In the House of Life, in the Abzu, how to fashion the Being Enki to Ninmah was explaining.

To a place among the trees Ninmah he directed, a place of cages it was.

In the cages there were odd creatures, their likes in the wild no one had seen:

Foreparts of one kind they had, hindparts of another creature they possessed;

Creatures of two kinds by their essences combined to Ninmah Enki was showing!

To the House of Life they returned, to a clean place with brightness shining they led her.

In the clean place Ningishzidda to Ninmah the life-essence secrets was explaining,

How the essence from two kinds combined can be, he to her was showing.

The creatures in the tree cages are too odd, monstrous they are! Ninmah was saying.

Indeed so! Enki responded. To attain perfection, for that you are needed!

How the essences to combine, how much of this, how much of that to put together,

In which womb conception to begin, in which womb should the birth be given?

For that your succor and healing understanding are needed;

The understanding of one who gave birth, who a mother is, is required!

A smile on the face of Ninmah was; the two daughters that by Enki she mothered she well remembered.

With Ningishzidda she surveyed the sacred formulas that on ME’s were secreted, how this and that were done of him she inquired.

The creatures in the tree cages she examined, the two-legged creatures she contemplated.

By a male inseminating a female are the essences transmitted,

The two entwined strands separate and combine an offspring to fashion.

Let a male Anunnaki a two-legged female impregnate, let a combination offspring be born! Thus did Ninmah say.

That we have tried, with failures it resulted! to her Enki responded.

There was no conceiving, there was no birth!

Now this is the account of how the Primitive Worker was created,

How Enki and Ninmah, with Ningishzidda assisting, the Being fashioned.

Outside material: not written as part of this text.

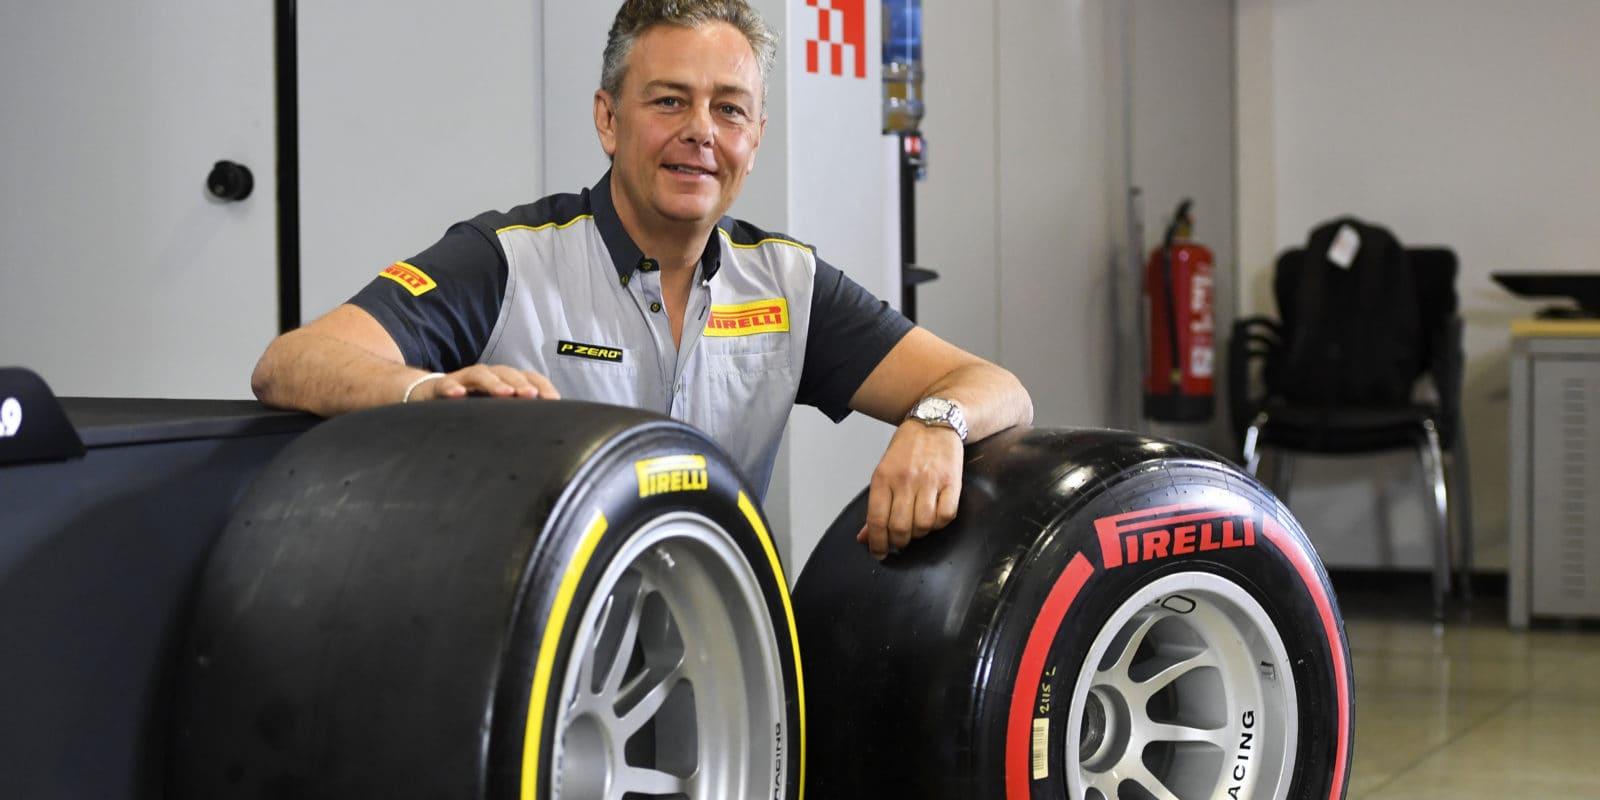 Pirelli: Chlad nepomohl testu pneumatik pro rok 2020

Another way the admixture of essences to attain must be tried, Ninmah was saying.

How the two strands of essences to combine another way must be found,

That which from the Earth is the portion must not be harmed.

To receive our essence in graduations it must be shaped,

From the ME formulas of Nibiru’s essence only bit by bit could be attempted!

In a crystal vessel Ninmah an admixture was preparing, the oval of a female two-legged she gently placed,

With ME Anunnaki seed containing, she the oval impregnated;

That oval back into the womb of the two-legged female she inserted.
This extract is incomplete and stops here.